Two fine redfish were taken that morning as you made perfect casts to them both. I was surprised how concerned you were to put them, unharmed, back into their watery home, and you never thought once of taking one home to show it off. You even fussed at me a little as I fumbled with the camera as old fingers took a little too long to record the moment. I'll try to do better next time, but you'll have to forgive me, I was just a little more overwhelmed with excitement than I planned on being…more than you know, because a dream had come true that morning. You had won the challenge that day, but I reserved the right to have one wall in your new room; a wall to hang important memories. Captures of time; captures of your life. And that shoreline we fished, well, that was "Ian's Bank", the place I told you I would give you. We both know where it is now, you and me. I've known that shore for decades and always knew something magical and powerful existed there. Now I know why.

Soon you will be a grown man. Time will quicken, more so for me than you. But there is something you need to know, Grandson. Something my Indian brother once wrote about. It had to do with white pelicans and his Bayou Teche. These rivers and gulfs and oceans and streams…they speak slowly; so slowly we may only hear one word from them in our short time here. But if you always remember to see instead of look, and always listen instead of just hear, the old waters and trees, the mangrove shorelines, the whispers of cold stream waters over smooth rocks, they will always tell you stories.

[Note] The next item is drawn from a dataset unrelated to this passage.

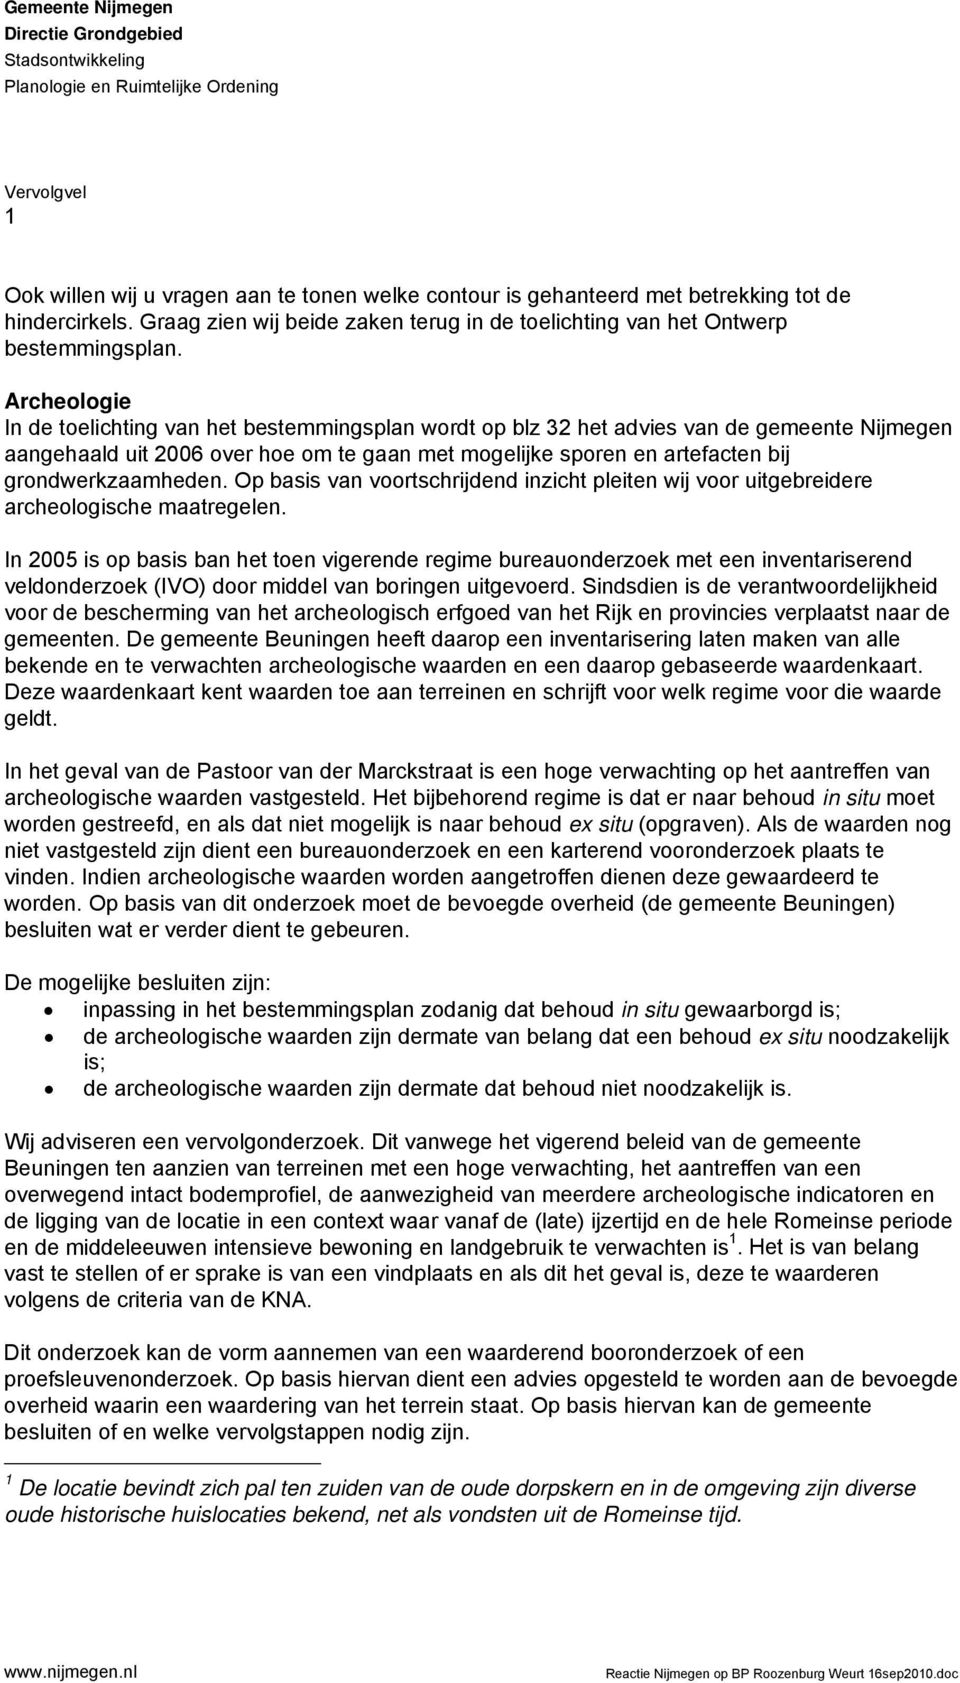 Archeologie In de toelichting van het bestemmingsplan wordt op blz 32 het advies van de gemeente Nijmegen aangehaald uit 2006 over hoe om te gaan met mogelijke sporen en artefacten bij

And if you listen closely enough, you will hear voices of those that came before you that sought to find the same wonderment you still seek deep within. And if you look close enough, you will see the footprints left for you to follow.

With much love and admiration;

Your Captain; your grandfather.

About the Author:
  
His dad handed him the golden-bronze, shellacked cane pole, a tug at the old, brown cork, and from underneath it, a small bluegill was raised from the surface, perhaps all of four inches, dangling above Lake Canon’s waters. His first. He was barely three then.
  
The man then pointed to the far side of the lake, not at the distant shore, but pointed to an invisible path that could only be seen by few; a path that had many branches, twists and turns. All because of this, a journey began.
   Gary continued this journey fishing the many lakes around the central Florida area, later moving closer to the eastern side of the state. His curiosity of saltwater led him to obtain his captain’s license in 1990. Also, around that same time, his interest began a new path in fly-fishing the shallow and beautiful flats on the Indian River Lagoon in search of redfish, tarpon, sea trout and snook.
   Captain Gary Henderson has now retired from professional guiding and chartering, but still continues to follow the paths his father pointed out to him long ago. His roots are still firmly embedded from his past, and as a reminder, he still fly-fishes in “the lake behind the house”. Here, he finds the spirit of his dad and the many friends that have passed to the other side. Here, he also finds inspiration for stories of back then, and now.